Referring to the disclosed embodiments generally, various vertebral pedicle screw systems are disclosed. The components of the vertebral pedicle screw systems can be fabricated from biologically acceptable materials suitable for medical applications, including metals, synthetic polymers, ceramics and bone material and/or their composites. For example, the components, individually or collectively, can be fabricated from materials such as stainless steel alloys, commercially pure titanium, titanium alloys, Grade 5 titanium, super-elastic titanium alloys, cobalt-chrome alloys, superelastic metallic alloys (e.g., Nitinol, super elasto-plastic metals, such as GUM METAL®), ceramics and composites thereof such as calcium phosphate (e.g., SKELITE™), thermoplastics such as polyaryletherketone (PAEK) including polyetheretherketone (PEEK), polyetherketoneketone (PEKK) and polyetherketone (PEK), carbon-PEEK composites, PEEK-BaSO4 polymeric rubbers, polyethylene terephthalate (PET), fabric, silicone, polyurethane, silicone-polyurethane copolymers, polymeric rubbers, polyolefin rubbers, hydrogels, semi-rigid and rigid materials, elastomers, rubbers, thermoplastic elastomers, thermoset elastomers, elastomeric composites, rigid polymers including polyphenylene, polyimide, polyimide, polyetherimide, polyethylene, epoxy, bone material including autograft, allograft, xenograft or transgenic cortical and/or corticocancellous bone, and tissue growth or differentiation factors, partially resorbable materials, such as, for example, composites of metals and calcium-based ceramics, composites of PEEK and calcium based ceramics, composites of PEEK with resorbable polymers, totally resorbable materials, such as, for example, calcium based ceramics such as calcium phosphate, tri-calcium phosphate (TCP), hydroxyapatite (HA)-TCP, calcium sulfate, or other resorbable polymers such as polyaetide, polyglycolide, polytyrosine carbonate, polycaroplaetohe, polylactic acid or polylactide and their combinations.

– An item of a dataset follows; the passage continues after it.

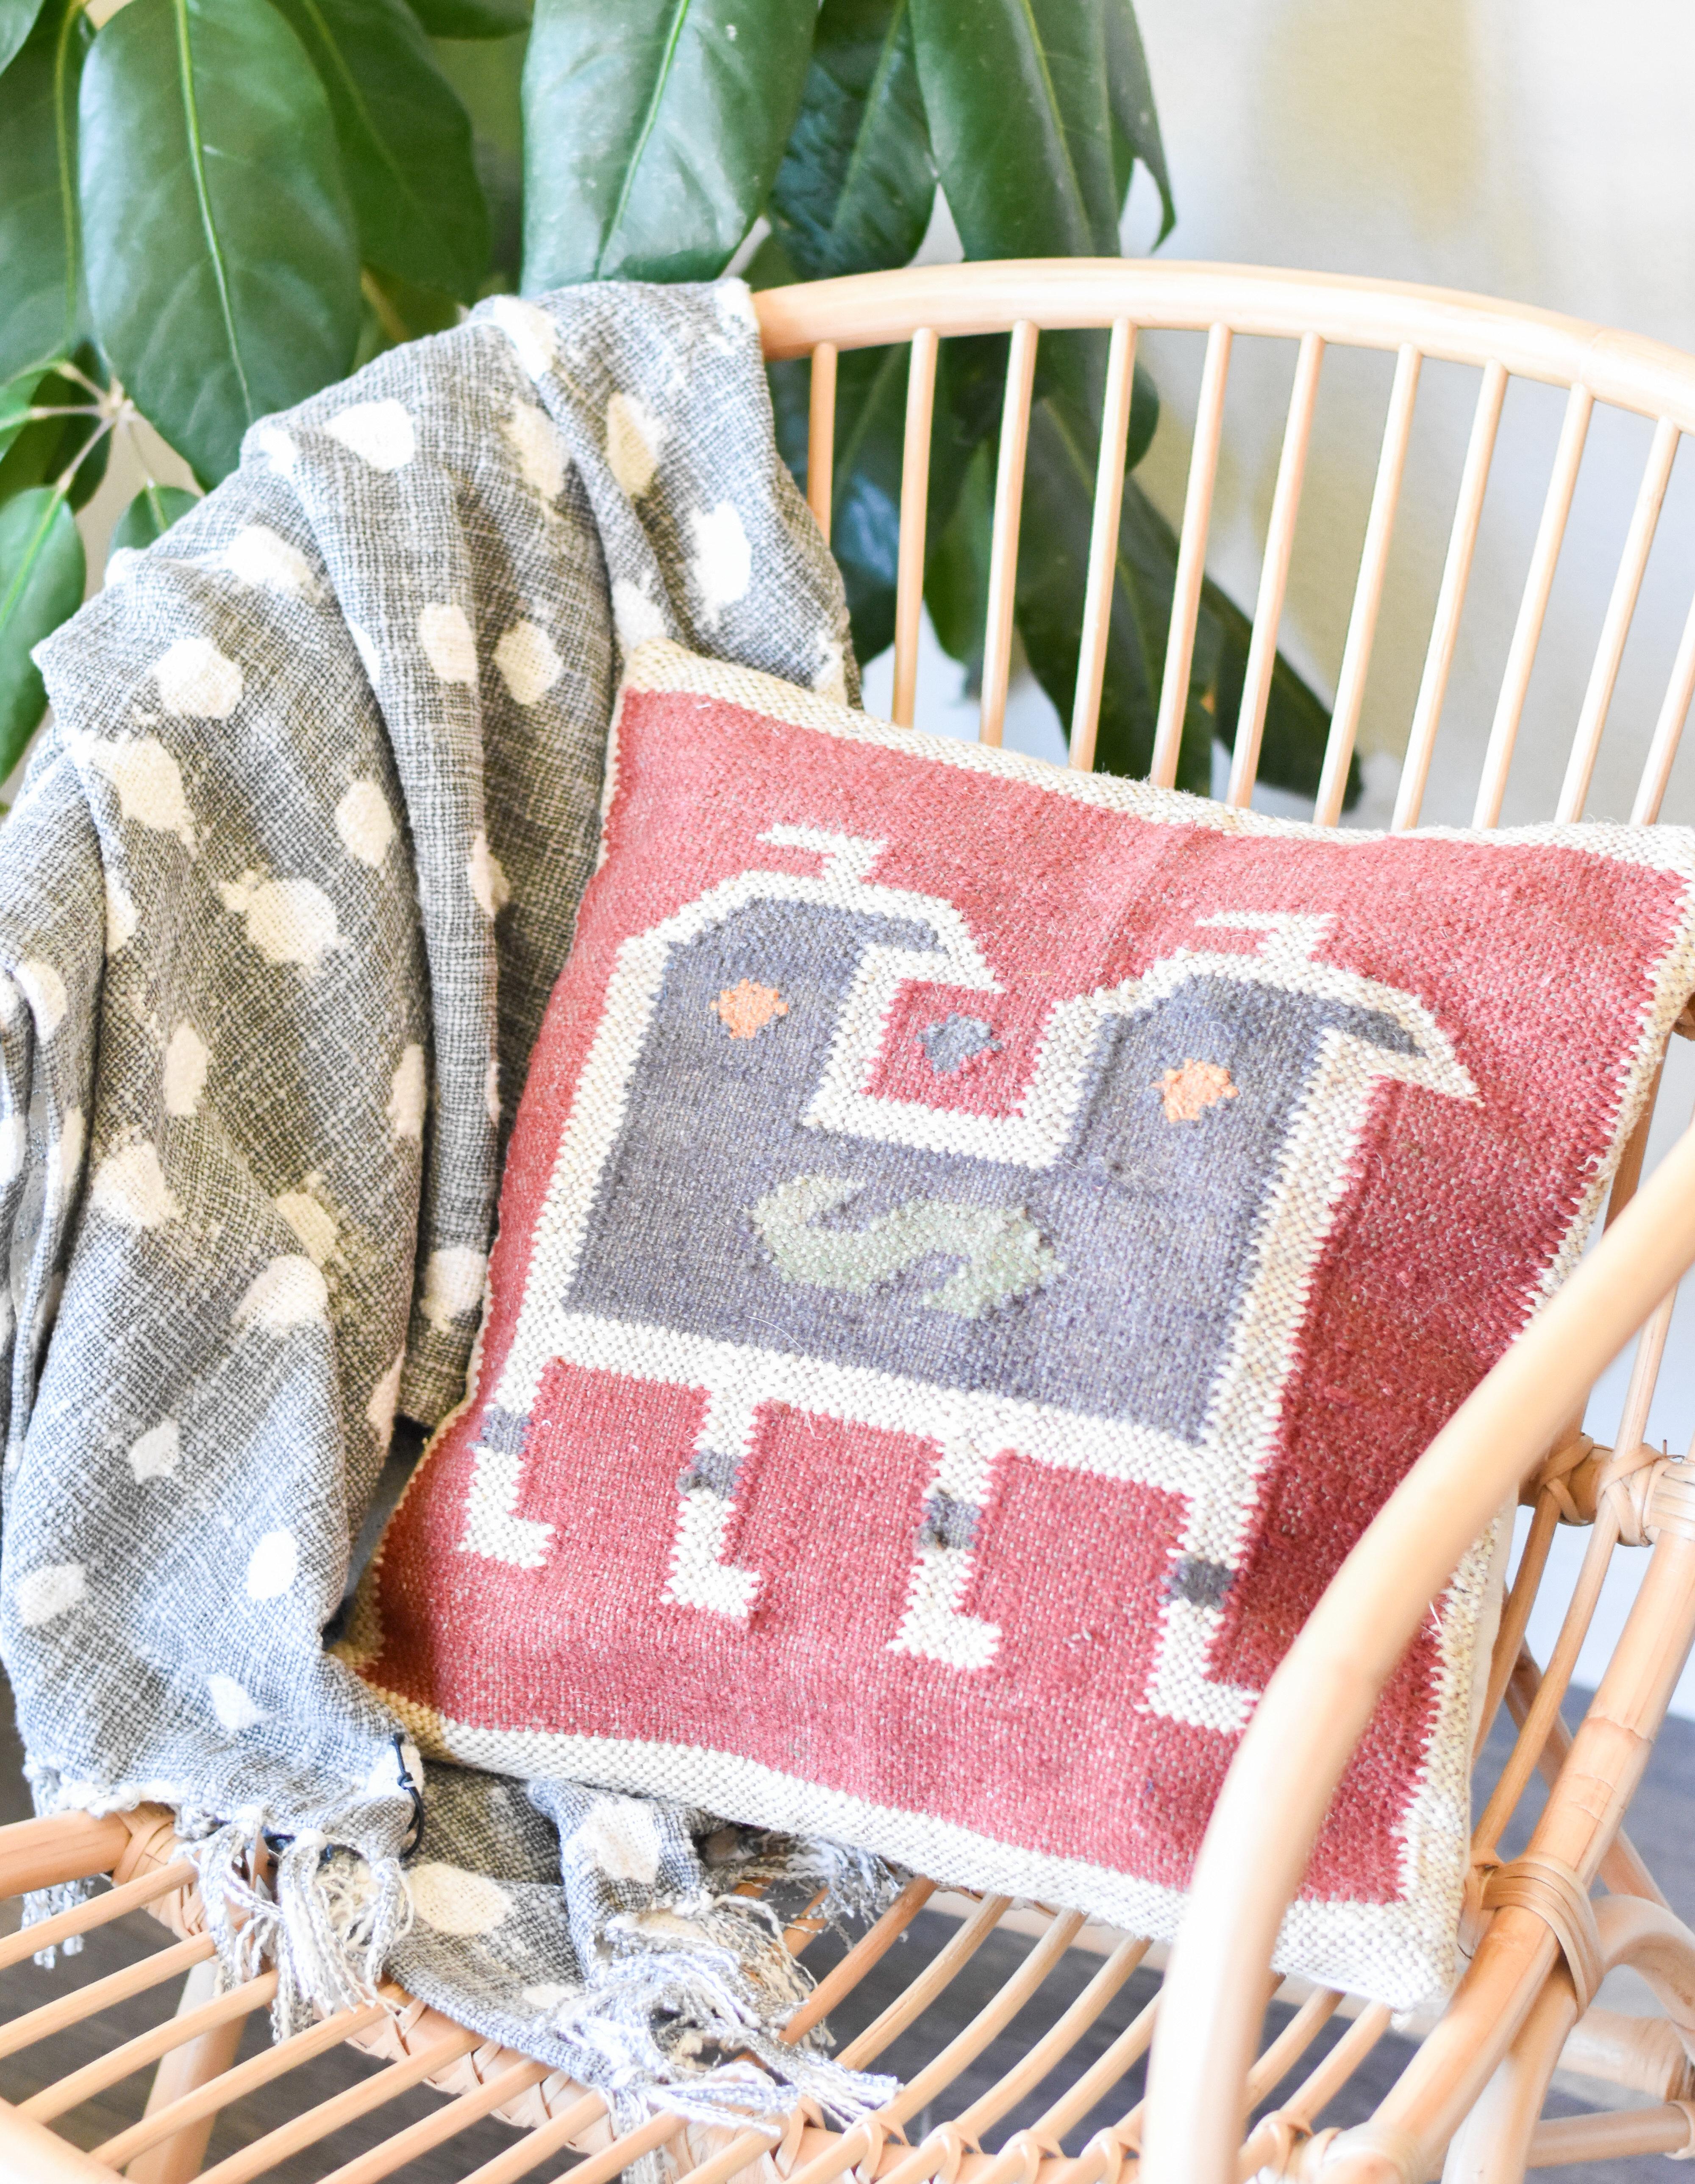 Square Kilim Pillows BGZQJC4VMFFKC
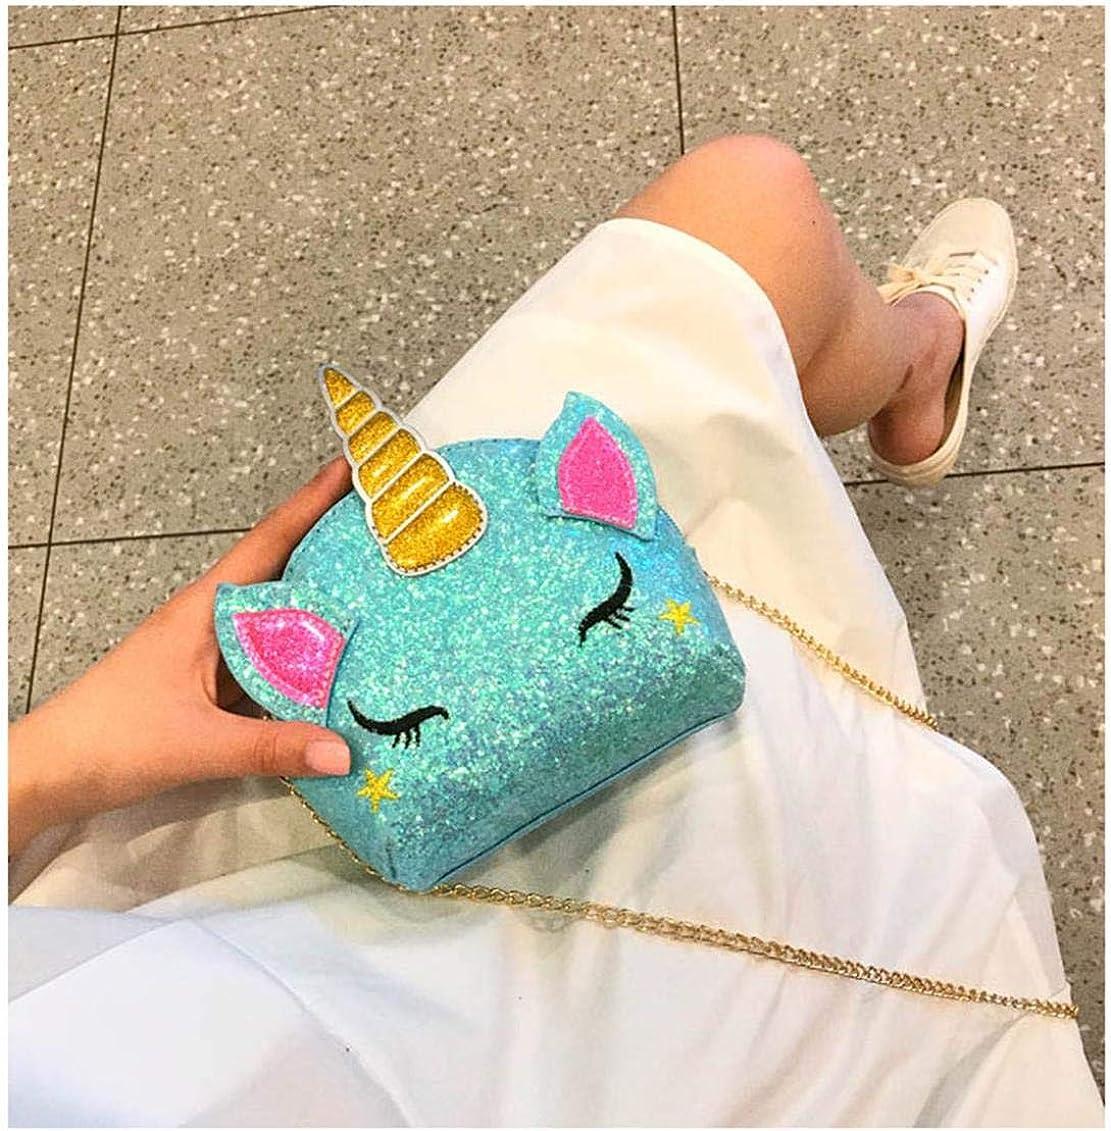 TXVSO Piccola Glitter Carino Unicorno Crossbody borsa a tracolla portafoglio borsa chiusura a cerniera per ragazze adolescenti Donne

Various components of the vertebral implant system may be formed or constructed with material composites, including the above materials, to achieve various desired characteristics such as strength, rigidity, elasticity, compliance, biomechanical performance, durability and radiolucency or imaging preference. The components of the present vertebral pedicle screw system, individually or collectively, may also be fabricated from a heterogeneous material such as a combination of two or more of the above-described materials. The components of the vertebral implant system may be monolithically formed, integrally connected or include fastening elements and/or instruments, as described herein. The components of the vertebral implant system may be formed using a variety of subtractive and additive manufacturing techniques, including, but not limited to machining, milling, extruding, molding, 3D-printing, sintering, coating, vapor deposition, and laser/beam melting.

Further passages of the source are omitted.